There is really no difference in terms of the "cost" of the memory between what
you have described and either doing the global section yourself (just how do
you think shared zones are implemented, anyway?), or LIB$GET_VM with the
reading thread (AST-driven) and the writing thread (either AST-driven, or at
the non-AST level) in the same process.  

As far as the creation of virtual address space is concerned, these are just
different interfaces to the same mechanisms.  The memory is virtual in each
case.  A "fixed size global section" has a maximum size, all right, but so does
a VM zone (16 megabytes; a global section can be larger, various sysgen and uaf
parameters permitting).  

As far as physical memory is concerned, the global section is just as "virtual"
as as-yet-unallocated parts of a VM zone.  The only difference is that for the
global section, page table entries are created for the entirety of the section
at one time, while the VM zone can cause a gradual expansion of virtual
address space.  Either way, no physical memory is used until pages are faulted
in (only <pagefaultclustersize> pages at a time, and I might add that you can't
control the pfcsize on a VM zone as you can with the $CRMPSC service), and can
be paged out of the process[es]' working set[s] as needed. 

Using a great big typeahead buffer:  Funny you should mention that; we have to
do that sometimes in uucp, to support very large packets + large windows.  It's
necessary when you can't count on the code that's reading the serial port to
wake up fast enough.  Even then it's limited to a few tens of kilobytes (seven
packets in the window * 4Kbytes/packet).  (As a practical matter, no one really
needs to run with windows and packets that large to optimize uucp throughput.)
This is probably about the most data anyone should count on keeping in the
typeahead buffer, since there are a lot of systems out there where finding a
chunk of pool that size is a chancy thing.  (Yes, I know about NPAGEVIR.  There
are a lot of system managers who set it equal to NPAGEDYN, thinking that
they're saving on memory... life would be lots simpler if one could write 
applications only for well-managed systems!) 

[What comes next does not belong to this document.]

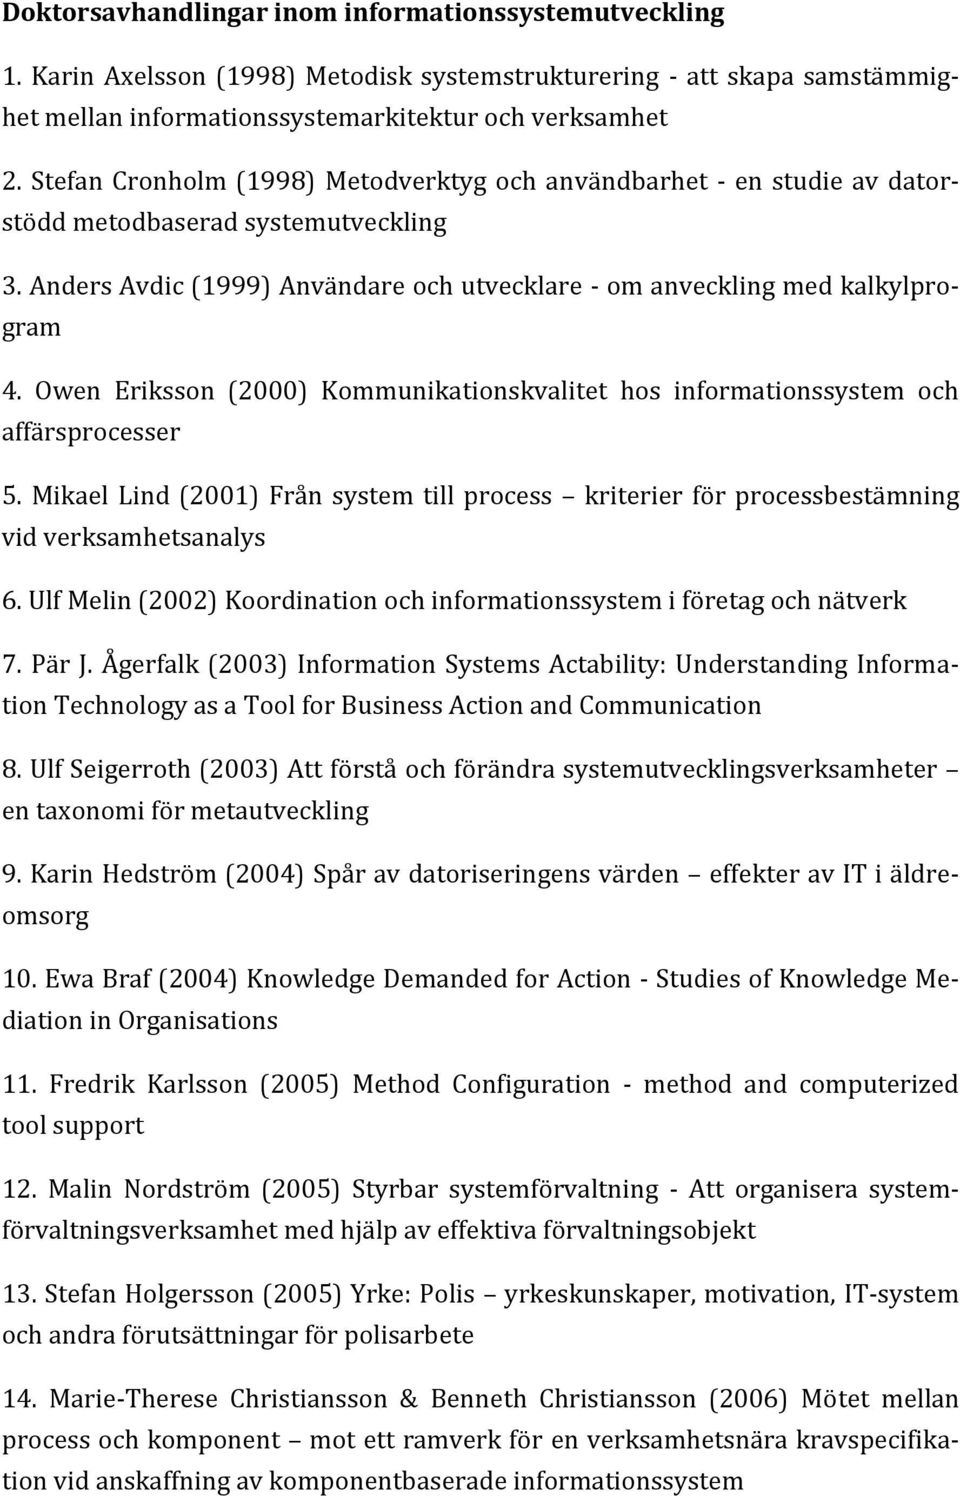 Owen Eriksson (2000) Kommunikationskvalitet hos informationssystem och affärsprocesser 5. Mikael Lind (2001) Från system till process kriterier för processbestämning vid verksamhetsanalys 6.

> 2) The buffer is a queue, rather than a circular buffer. You don't have
> to worry about overwriting live data (until you exhaust vm)

Again... there is no need to go to the PPL$ routines and shared VM zones to get
this behavior.  Nor will these routines be any cheaper in terms of physical
memory.  

For this particular problem, reading data from a 19.2Kbps line (about 2000
characters per second), there really shouldn't be much problem keeping up
unless the data must be read with very small $QIO buffers.  For example, uucp
on a MicroVAX 3600 can absorb data from a Trailblazer modem at 1400 bytes/sec,
and write it to disk, and leave at least 70% of the CPU free.  This involves
doing two $QIO reads for every 64 bytes of data (one for the 64 bytes, and one
for the 6-byte header that precedes it), PLUS a $QIO write to send the ACK to
the modem for each 64-byte packet.  At 2000 char/sec I wouldn't worry about
overrunning a circular buffer unless the CPU is VERY busy (or slow). 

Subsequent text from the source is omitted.